Installation Process
SSH to your cluster as student
ssh student@hpcc-cluster-[]
Download the max historical data csv files for AGG and SPY, along with the 60/40 python file from the me344 cluster. Here is the command to obtain them:
scp -r [sunetid]@me344.stanford.edu:/opt/ohpc/pub/me344/project-3 .
Data Collection and Preparation: Download daily data for the S&P 500 companies from Yahoo Finance, specifically focusing on “High,” “Low,” and “Close” prices for the period spanning from 2013-01-01 to 2023-01-01. Perform data cleaning, excluding stocks listed after the start date to match our training period. Save the refined dataset as a CSV file.

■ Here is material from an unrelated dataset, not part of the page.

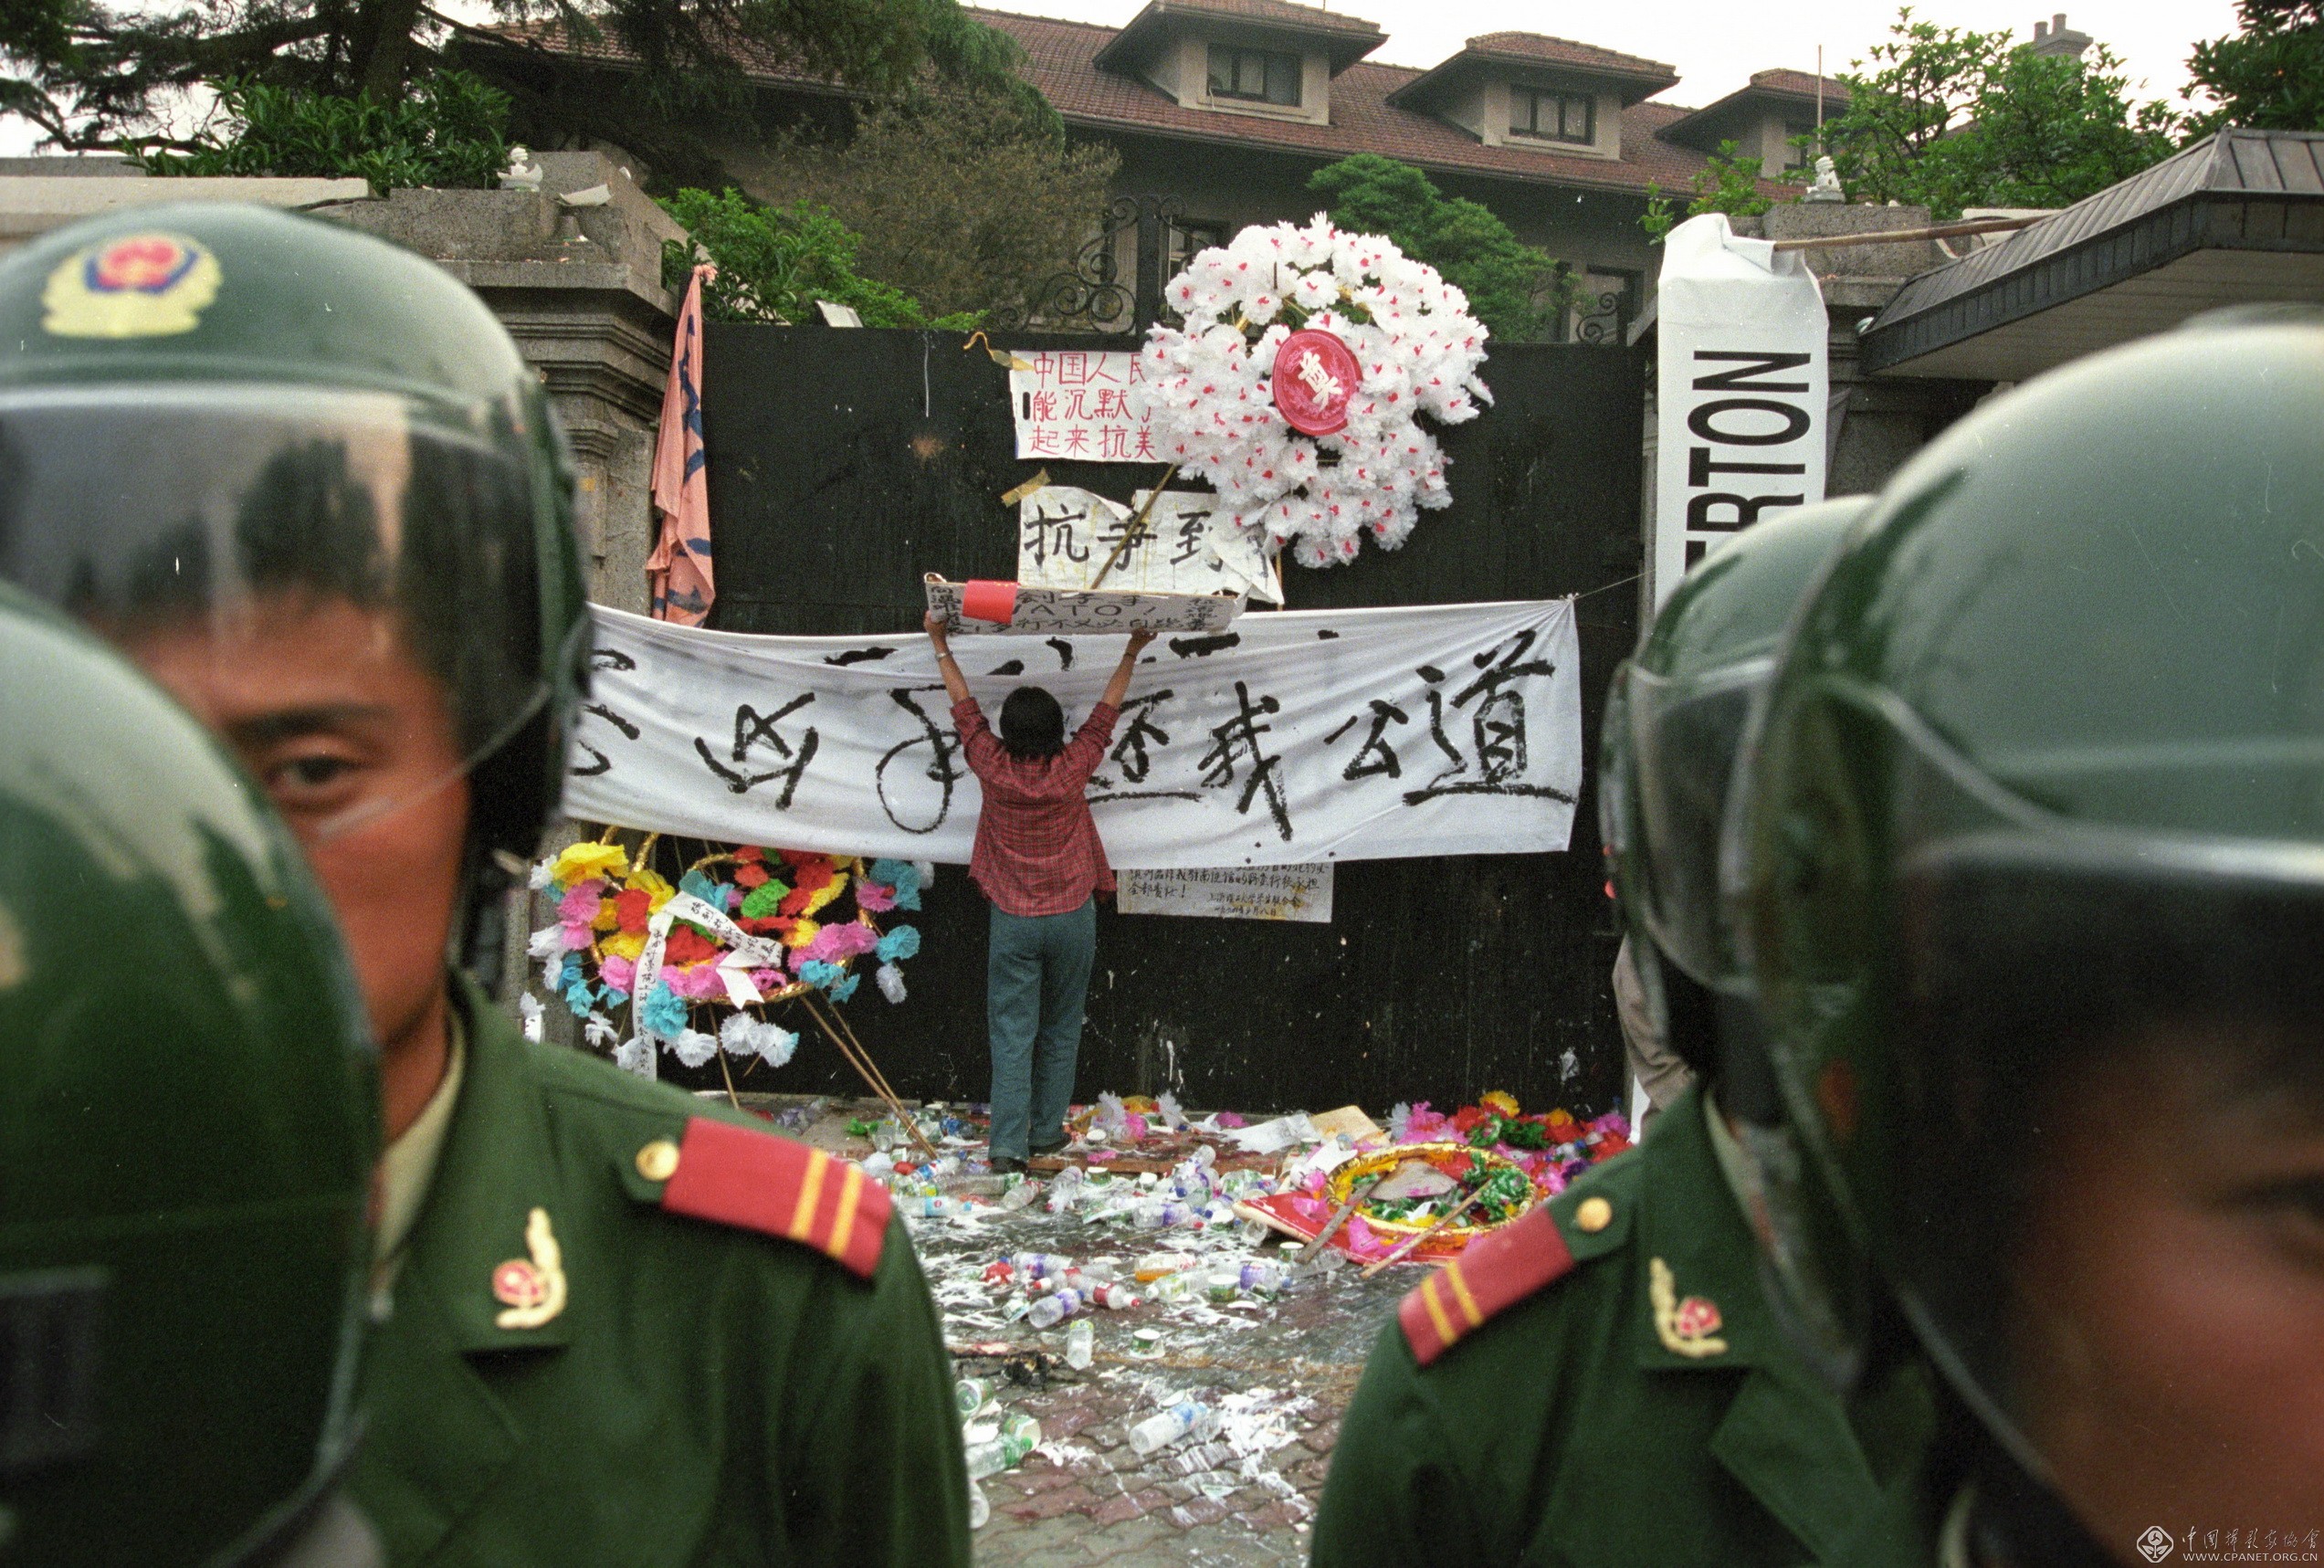 全球连线｜塞中官员凭吊在中国驻南联盟使馆被炸事件中牺牲的烈士_凤凰网视频_凤凰网

Data Transfer to HPC Cluster: Copy the directory named “data” containing various files of historical equity data (obtained from the previous step) from your local computer to the HPC cluster. The destination path on the cluster should be “/home/student/data”. Alternatively, you may simply upload the files by browsing within Jupyter and slecting the “Upload” option.
scp -r data student@hpcc-cluster-1:
Change to the project-3 directory
cd project-3
The procedures are the same as the beginning of Project 3, except for “Install QSTrader and Jupyter as the student user” and there is no need to download the 60/40 python file.
Install QSTrader, YFinance and Jupyter as the student user
python3 -m venv backtest
source backtest/bin/activate
pip install --upgrade pip
pip install qstrader
pip install notebook==6.1.5
pip install jupyter_contrib_nbextensions
jupyter contrib nbextension install --user
pip install nglview
jupyter nbextension enable --py widgetsnbextension --user
jupyter nbextension enable nglview --py –user
pip install yfinance
pip install concurrent
pip install multiprocessing
pip install statistics
pip install pandas
pip install matplotlib
Create a Slurm script to launch Jupyter Notebook on compute-1-1. Make you are in the $HOME/project-3 directory (command to execute is pwd). Name the script jupyter_submit.slurm:
#!/bin/bash
#SBATCH --job-name="Jupyter" # Job name
#SBATCH --mail-user=[sunetid]@stanford.edu # Email address
#SBATCH --mail-type=NONE # Mail notification type (NONE, BEGIN, END, FAIL, ALL)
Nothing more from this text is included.